I don't see how it is actually shorter (though I understand it is observed to be shorter)

So from here I would say that the photon is obviously moving diagonally through space no matter which perspective -- The observer on the train has matching velocity in one direction to the photon, therefore relative to them they don't see the movement of the photon in that direction... big deal?

So again, I still cannot see how the photon would actually be moving any further or less, nor taking any more time or less, from either frame of reference.

 

[Saw]

I don't see how it is actually shorter (though I understand it is observed to be shorter)

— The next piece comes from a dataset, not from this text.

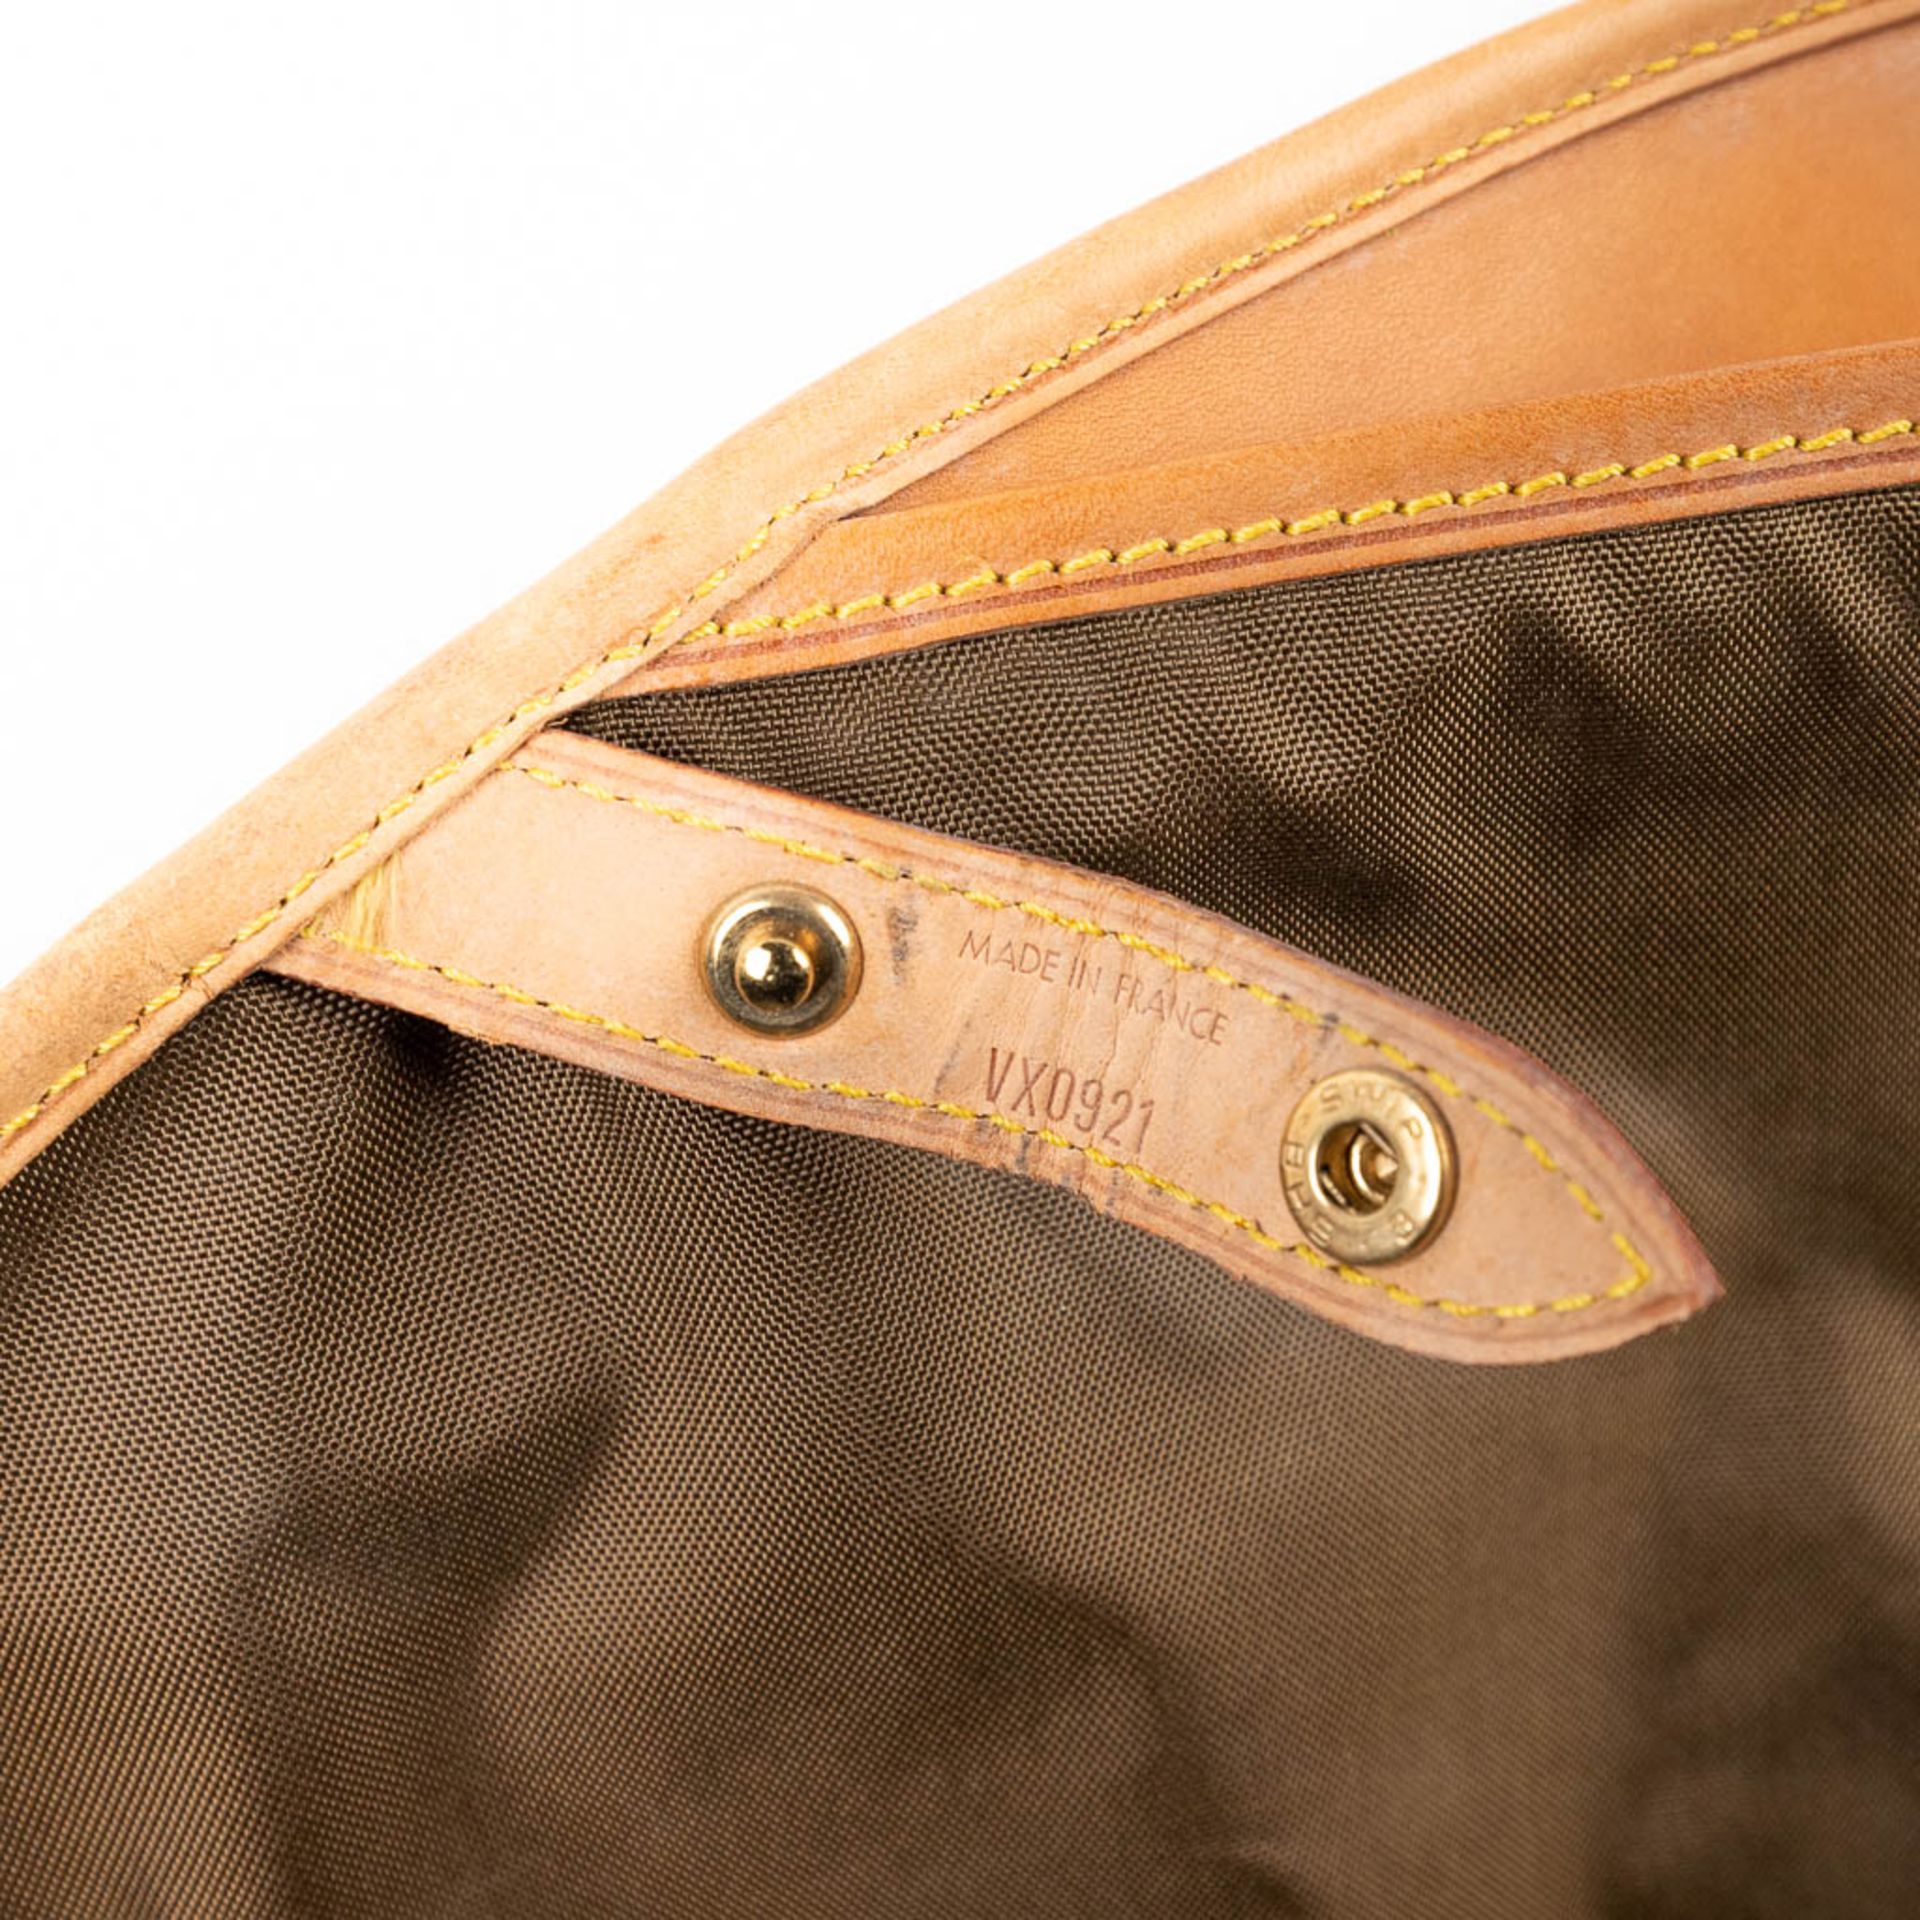 A garment suit traveller's bag made of leather by Louis Vuitton. (H:70cm) - Image 10 of 13

So from here I would say that the photon is obviously moving diagonally through space no matter which perspective -- The observer on the train has matching velocity in one direction to the photon, therefore relative to them they don't see the movement of the photon in that direction... big deal?

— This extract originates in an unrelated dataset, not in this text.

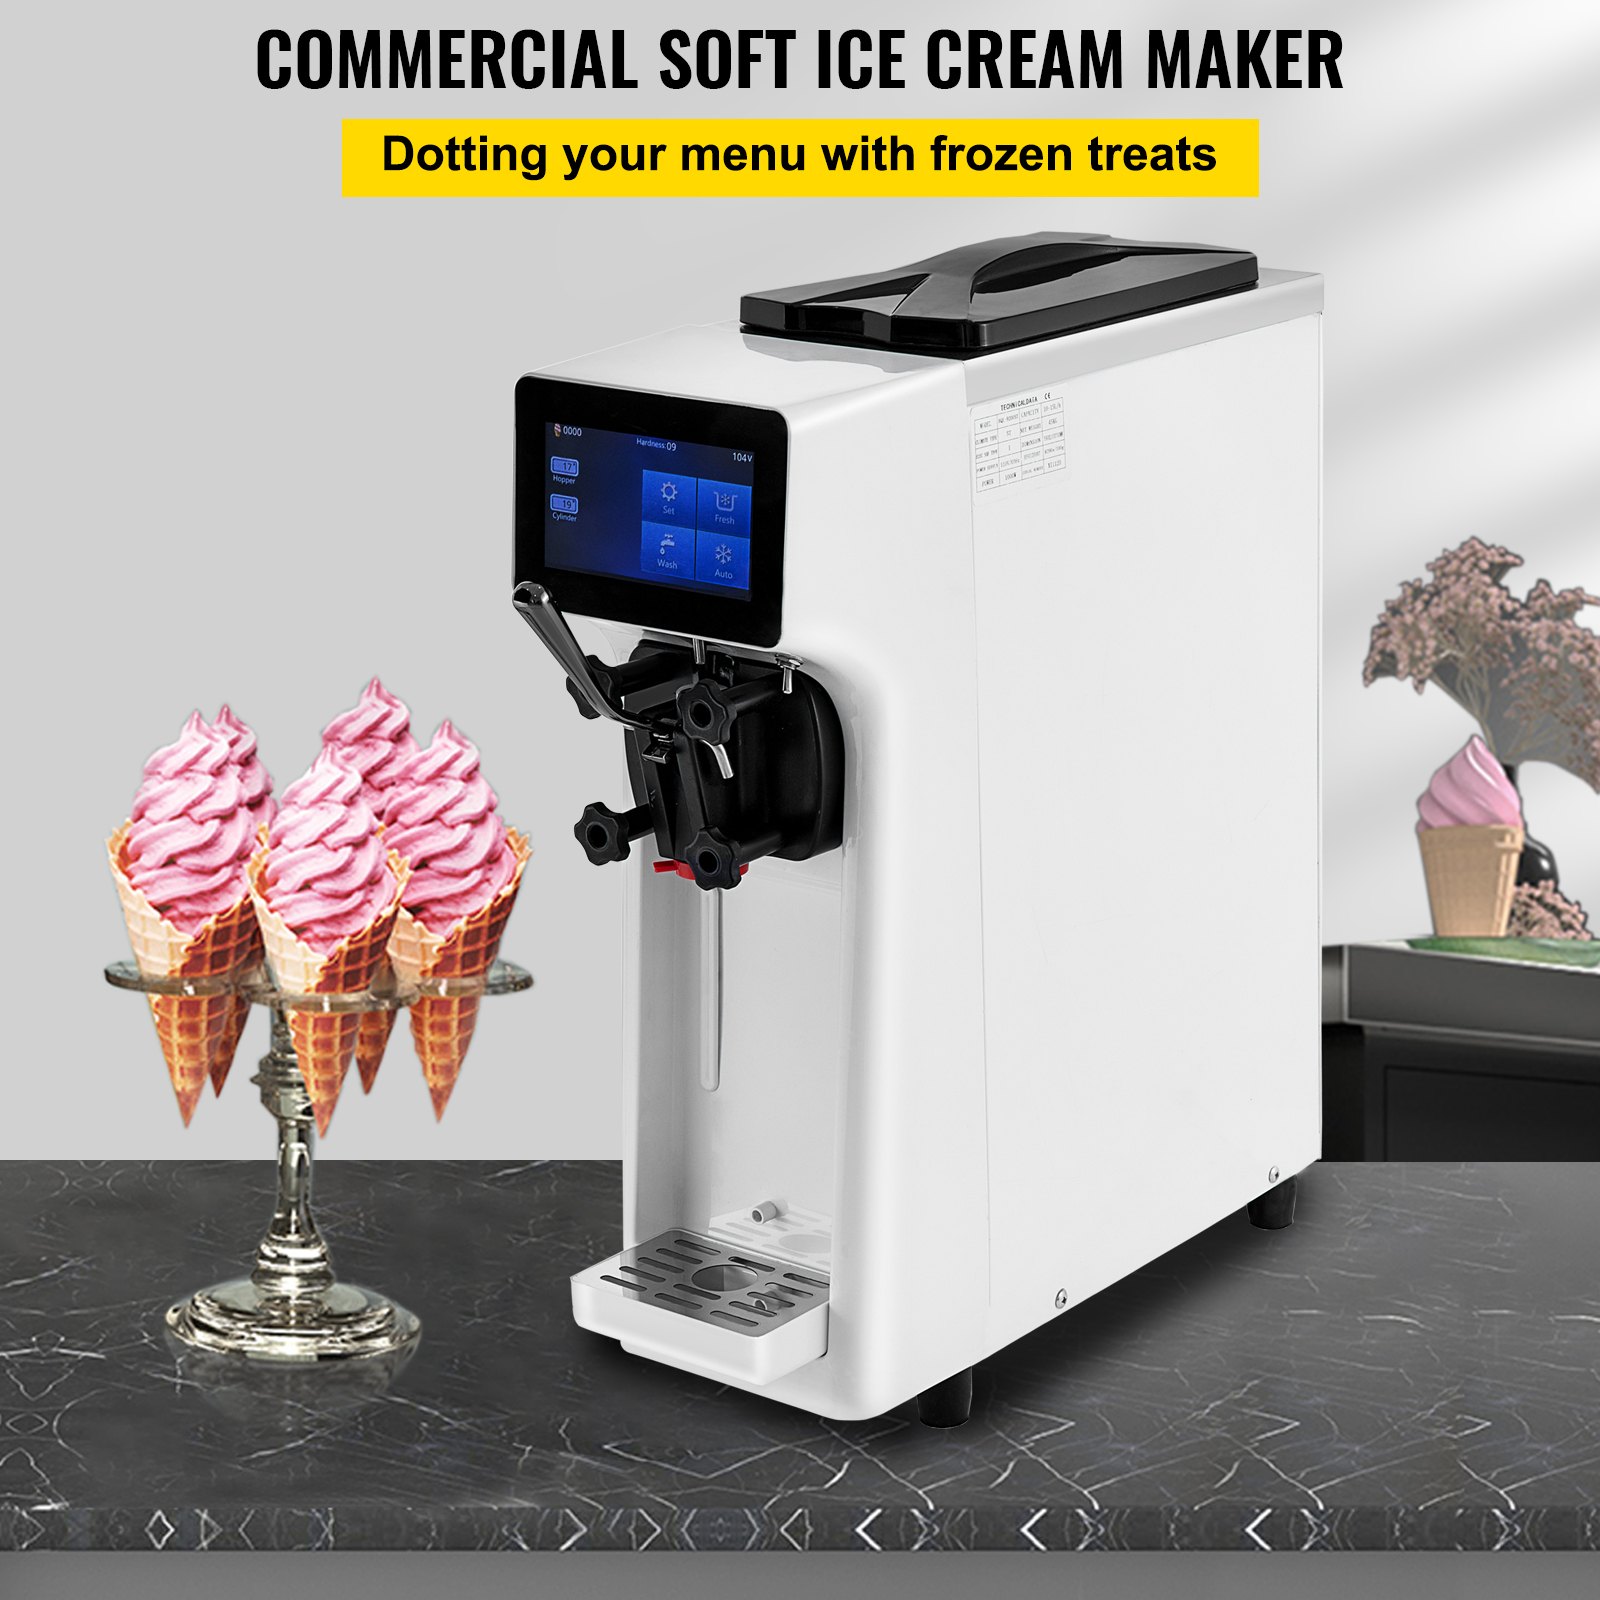 Vevor Commercial Ice Cream Maker 10 20lh Yield 1000w Countertop Soft Serve Machine With 45l 1496

In terms of space traversed, Newton himself would not doubt that the path of the train photon is observed or measured to be shorter in the train frame. A different thing is that he postulated that there is an absolute space where the photon might be really moving a longer or a shorter path. But he never drew any consequences out of that and he accepted that in practical terms you have to adhere to the relative measurement.

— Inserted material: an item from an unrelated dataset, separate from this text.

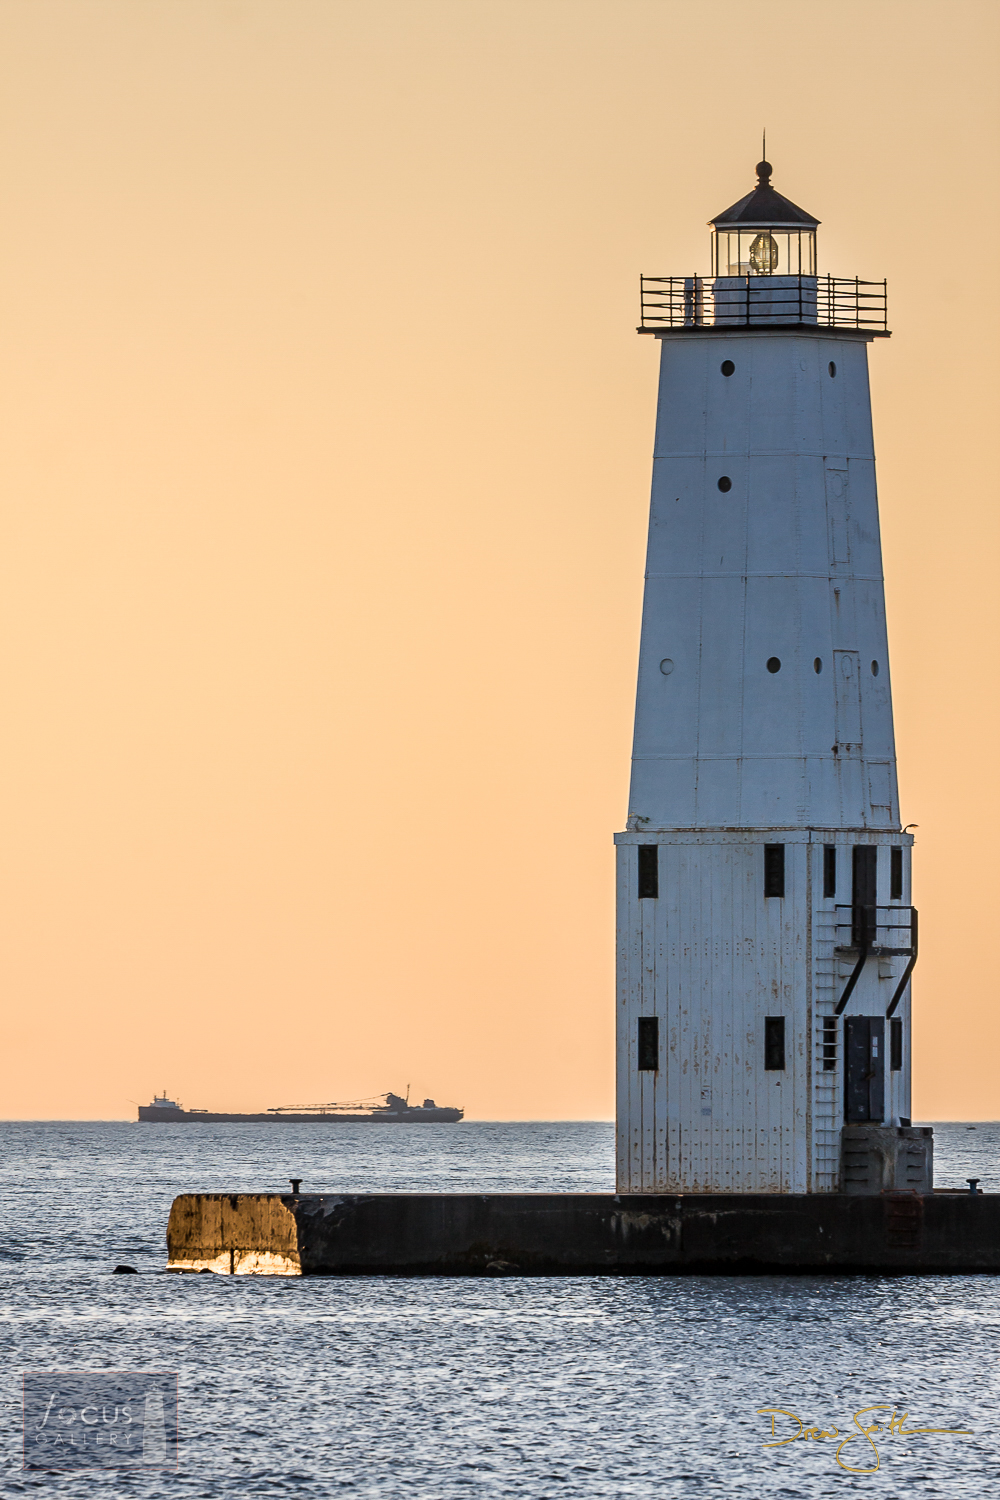 Ore freighter and the Frankfort North Breakwater Lighthouse, a classic Great Lakes image

So again, I still cannot see how the photon would actually be moving any further or less, nor taking any more time or less, from either frame of reference.

Time is a different thing. With a ballistic theory about light, you'd assume that the two photons, train and ground photon, take the same time to do their jobs. With an aether theory, it's a little long to explain, but I suppose that one could say that there is a "real" time and a "local" time, the first depending on the speed of the train relatve to the aether but not measurable, the second quite equivalent to SR's relative time. In SR, yes, the train photon is observed or measured to be slower than the ground photon in the ground frame, just like the ground photon is measured to be slower than the train photon in the train frame.

How do you get that result? I was arguing that only after assuming that the speed of light is the same in both frames. It appears, however, that the existence of an invariant speed is somethig that flows from the principle of relativity itself, although after that realization I suppose you have to assume that such invariant speed is the speed of light, if you want to arrive at the above conclusions. By the way, thanks for the clarifications, JesseM. I'll come back to them later.

 

[Saw]

Coming back to the derivation of this paper and trying to clarify a little further:

the constant K has units of 1 over speed squared, nothing about the proof is changed if you substitute K=1/S^2, where S is a speed.

Ok. Accepted. This derivation ends up with this constraint: under any model of relativity, you must have an invariant speed.

extra assumptions here are about what is needed to decide whether the invariant speed S is finite or infinite (and if it's finite, what its value is), not about deriving that there is an invariant speed S in the first place.

Ok. I see the point: with this derivation, your choice (to be exercised on the basis of physical assumptions, to be contrasted with experiment) is narrowed down: there is an invariant speed and you can then assume it is infinite or finite (and choose a value for it), but not leave it out. In other words, the principle of relativity (which is the only pre-derivation constraint) equals an invariant speed, whatever it is.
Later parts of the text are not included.